Shenan Stanley wrote:
> FireFox was the sensational *new* (to the unknowing public) way of
> protecting yourself against the dangers of the web. Everyone was
> talking about how it was poised to be the one browser to finally
> beat Microsoft at its own game. It was the hot-topic, the
> news-flashable item in technology. It was because it was the
> "hot-button" topic it was (Firefox, not the exploit) that the
> exploit was covered.
>
> Now - Internet Explorer has been around forever. It is not the
> "hot-button"
> topic that FireFox was. Therefore - not a story in the bedazzled
> brains of
> the larger news-covering world. When it actually is exploited and
> causes millions of dollars of damage to a large corporation - it
> will be news AFTER the fact because of WHOM it hurt - not because
> it exists.
>
> That's why no press for this and why there was press for FireFox
> at the time.. There is no mystery to it.
> Sensationalism gets ratings. Ratings gets advertisers.
> Advertisers give money.
>
> Now you might (and I think you have) say that Microsoft could pay
> the large
> news entities off to not talk.. Sure - I guess it could happen.
> I cannot say for certain it has or hasn't and likely very few
> people could with definitive facts to back it up. Although -
> Yahoo, CNN, MSNBC.. None of them are exactly hurting for money..
> Sure - their greed may lead them to more and more or that reporter
> may be easily quietened with less money than the whole corporation
> - but again - no one can say for certain it has/has not happened
> or is/is not happening - nor would they if the paycheck is good
> enough.
>
> You could say Microsoft paid everyone to expose the FireFox thing
> - but seeing how it was handled, I would think that either did or
> would have blown up in their faces and if there was even a chance
> it would - what a waste of resources for a company to make and
> still have the intelligence to be in business - in other words -
> it is doubtful anyone with a clue would have taken the chance on
> such a thing as that - given the coverage could so easily come out
> either way (good or bad - good for the opposing side if it was
> fixed quickly, bad for the opposing side if it was not.)
>
> As for the code.. Yep - it is serious, but again - not sensational
> until it
> is used and harms someone worth chatting about to Joe Schmoe.
> People are very select about what they hear, see and read.
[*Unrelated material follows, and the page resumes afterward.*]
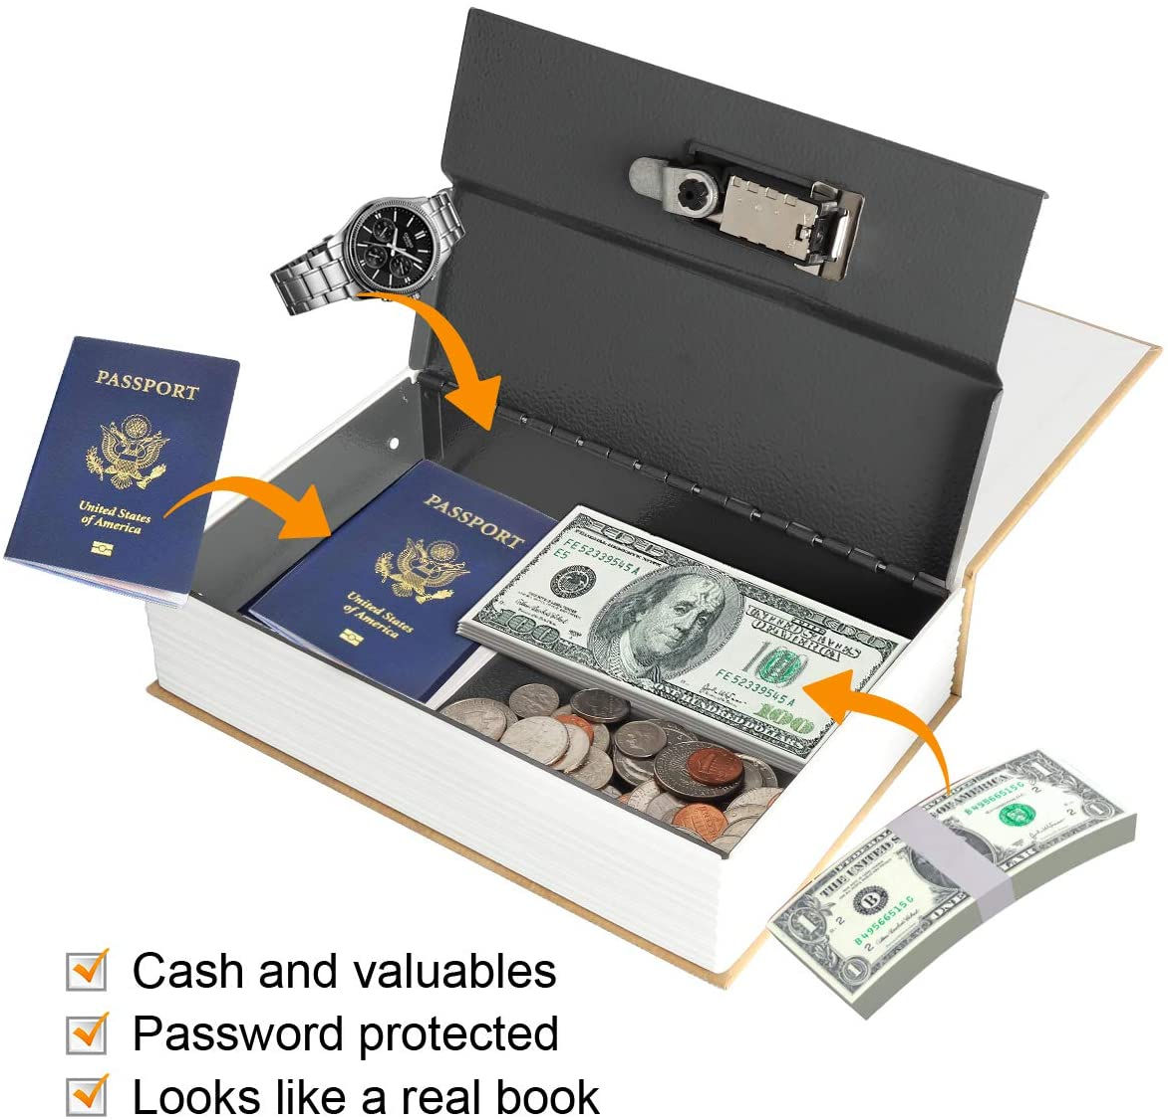 Secrect Hidden Safe Lock Box Large Jssmst Diversion Book Safe with Combination Lock SMBS019 Holy Bible
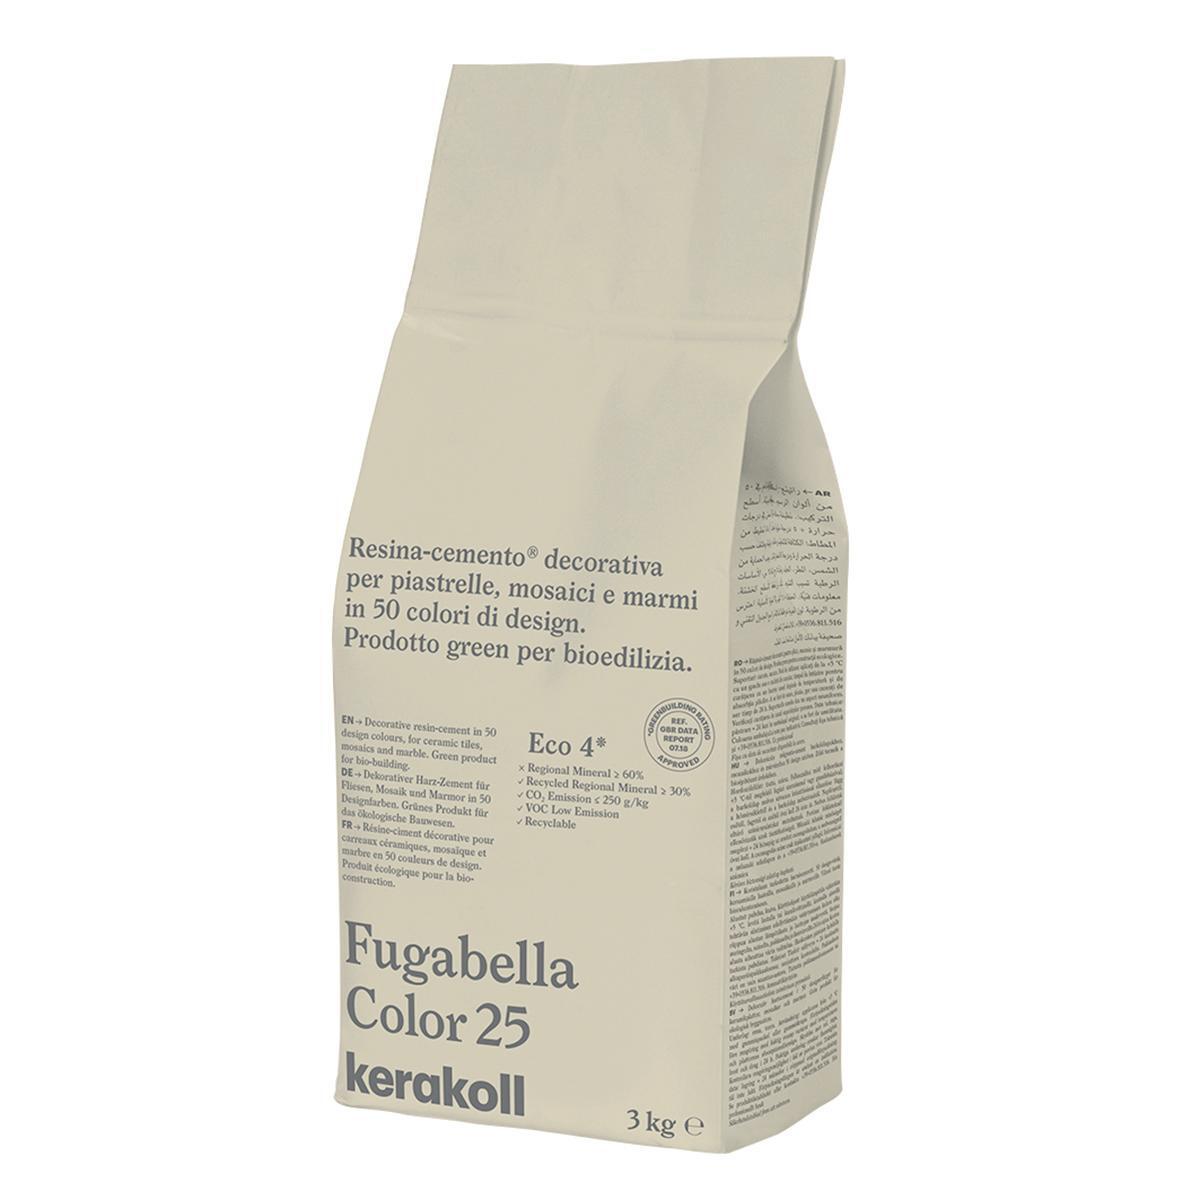 Stucco in polvere FUGABELLA COLOR KERAKOLL 3 kg tortora - 2

Some
> only listen/read/watch
> the sports, some only the local news and others the weather. They
> might perk up if someone said, "GM reported an estimated $16
> million in damages due to a computer virus that gained access to
> their computer systems through a known vulnerability in the
> Internet Explorer web browser that is installed and still
> vulnerable on millions of systems - including most home systems -
> today. Microsoft Corporation refused to comment at this time." -
> but they aren't going to give much thought to, "Did you know your
> Internet Explorer is vulnerable to attacks that could allow anyone
> to run anything they want on your computer right now?" (They'd
> have flipped to see the scores on a competing station by "Internet
> Explorer".)
>
> Not a very bright view of the world - but I have seen it over and
> over.

Imhotep wrote:
> So you are saying that it got coverage because the news agencies
> were trying to shoot down the browser, with respect to it's
> perceived security status? Here is my problem with that. That is
> something that Microsoft or Firefox (mozilla foundation) cares
> about (Shooting down a preception) not a news agency...after all
> why would Yahoo, CNN or MSNBC care which browser was perceived at
> being more secure. Even if they did, why would they want to "shoot
> down" either of the the browsers? Seems to political in nature....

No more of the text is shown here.